This is an old revision of the document!
General
- Develop in UCLA,
- Set of Java libraries,
- It is not finished; it is not dead code, though.
- There is a rich documentation regarding the algorithms and the implementation.
- Since it is a collection of algorithms, it is necessary to decide which ones are necessary!
- "The focus of this framework is to ease the development of new algorithms and the comparison against existing models." (Jurgens, Stevens).
- "Each word space algorithms is designed to run as a stand alone program and also to be used as a library class." (Jurgens, Stevens).
- The library supports word-document vectors.
- The authors affirm that it can collect more that a context-vector for a single word depending on the semantic meaning (e.g. bank as institution and bank as "Sitztgelegenheit" )
- "Libraries provide support for converting between multiple matrix formats, enabling interaction with external matrix-based program".
- SVD and randomized projections.
- From the pictures, scalability of most of the algorithms seems to grow with a linear factor!
- The package is constituted by four type of tools:
- A library (implementation) of commonly used algorithms in semantic spaces.
- Tools for building semantic models
- Evaluation tools (e.g.
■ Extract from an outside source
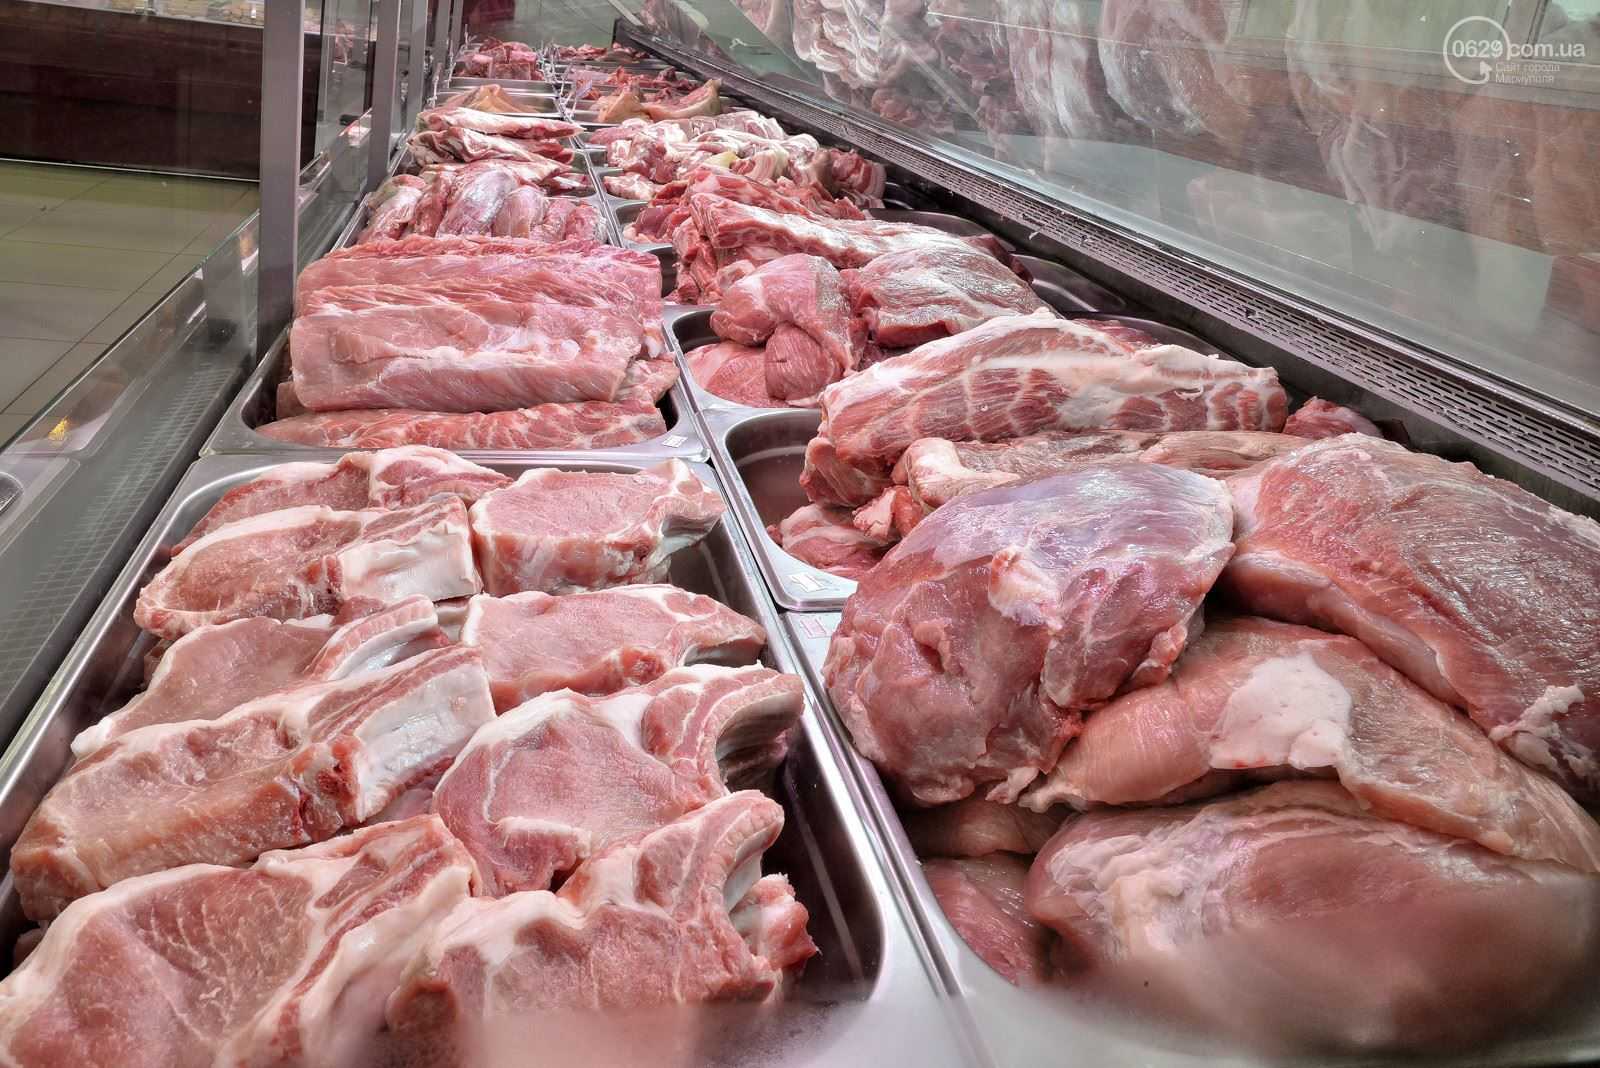 Как открыть мясной магазин с нуля — продажа мяса как бизнес

TOEFL test for synonyms).
- Interaction tools (e.g. queries, etc.).
Installation
- Required Software
- svn (Subversion). Can be installed with a apt-get command:
sudo apt-get install subversion
- To installed the package go to a target directory. The authors recommends to use the following command:
svn checkout http://airhead-research.googlecode.com/svn/trunk/sspace sspace-read-only
- A new directory should have been created. Go to the directory and use the command
ant
. Ant is part of the Apache project and is used to build java libraries. It will automatically detect the file build.html and install from it. I explained somewhere how to install ant.